━━━━━ Records provided

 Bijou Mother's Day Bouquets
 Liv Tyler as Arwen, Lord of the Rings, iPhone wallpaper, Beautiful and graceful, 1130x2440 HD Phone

━━━━━━━━━━
━━━━━ Records provided

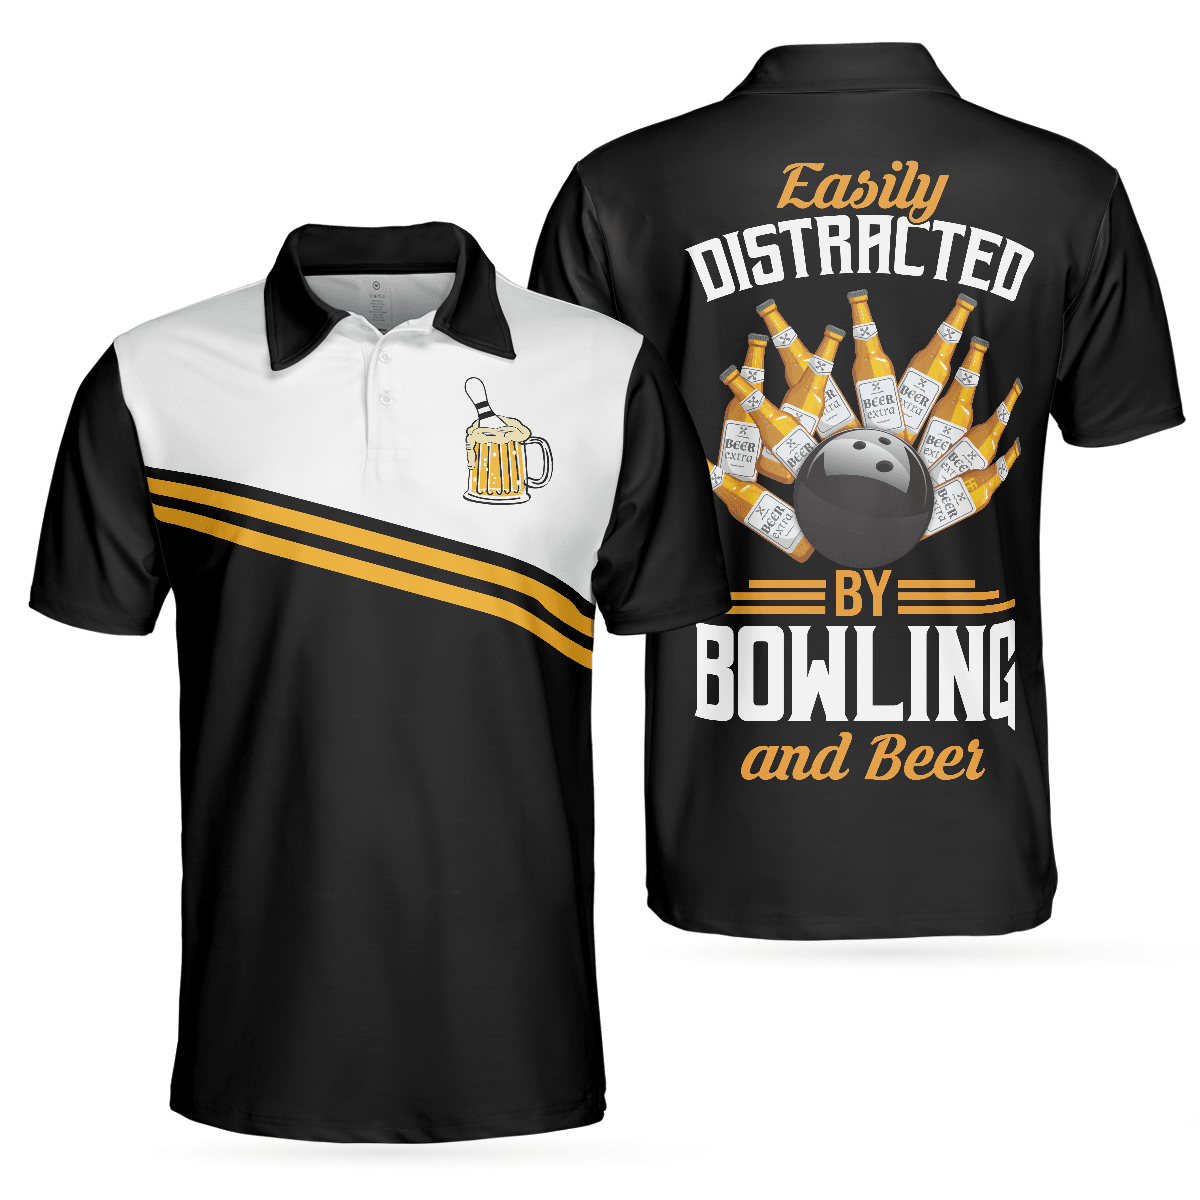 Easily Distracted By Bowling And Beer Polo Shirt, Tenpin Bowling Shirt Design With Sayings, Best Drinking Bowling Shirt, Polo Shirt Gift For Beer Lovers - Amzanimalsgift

━━━━━━━━━━
━━━━━ Records provided

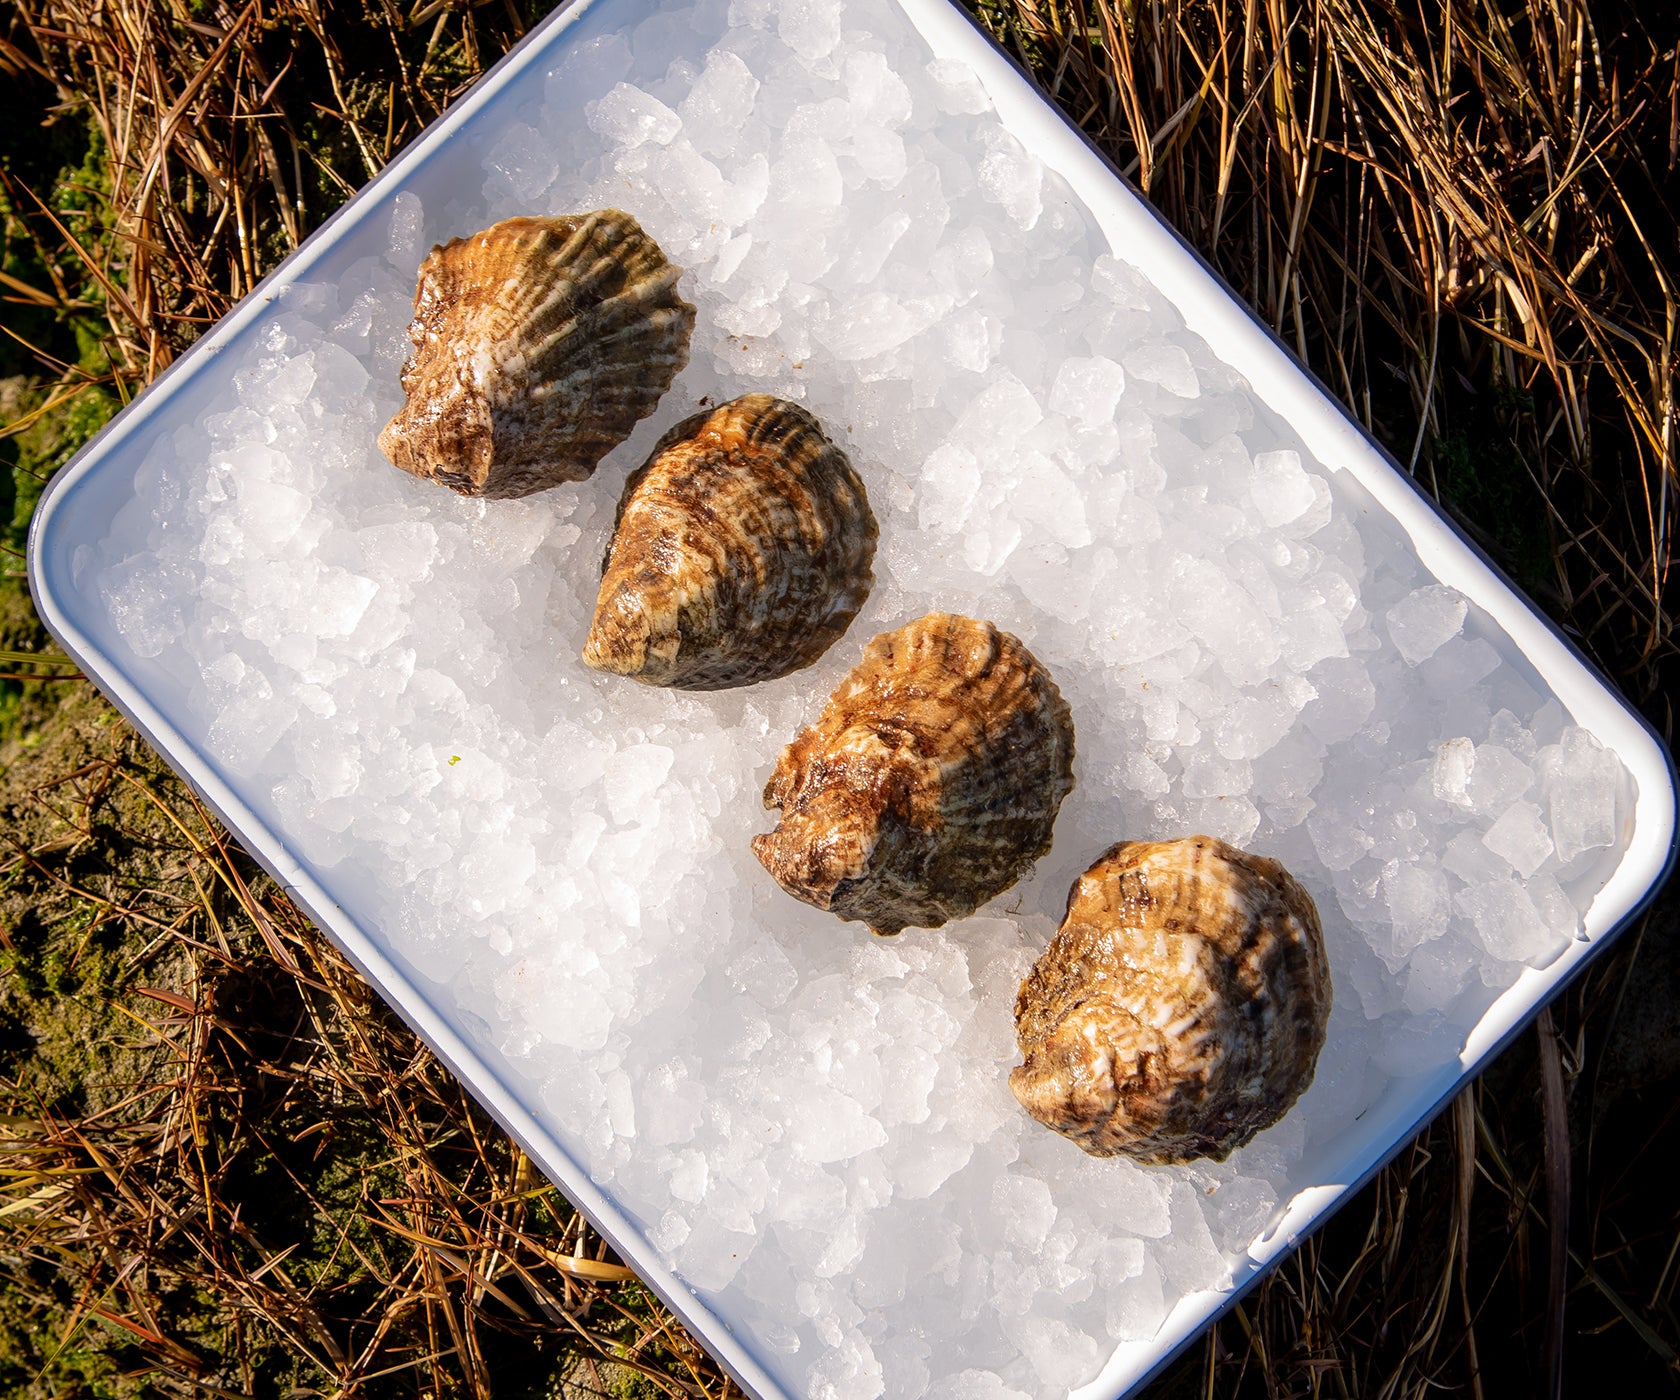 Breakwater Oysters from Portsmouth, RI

━━━━━━━━━━

* **Work item**
The required answer is the run of lines above, starting at the line with "Bijou Mother's Day Bouquets" and ending at the line with "Liv Tyler as", reproduced exactly with both ends.

* **Exercise response**
 Bijou Mother's Day Bouquets
 Liv Tyler as Arwen, Lord of the Rings, iPhone wallpaper, Beautiful and graceful, 1130x2440 HD Phone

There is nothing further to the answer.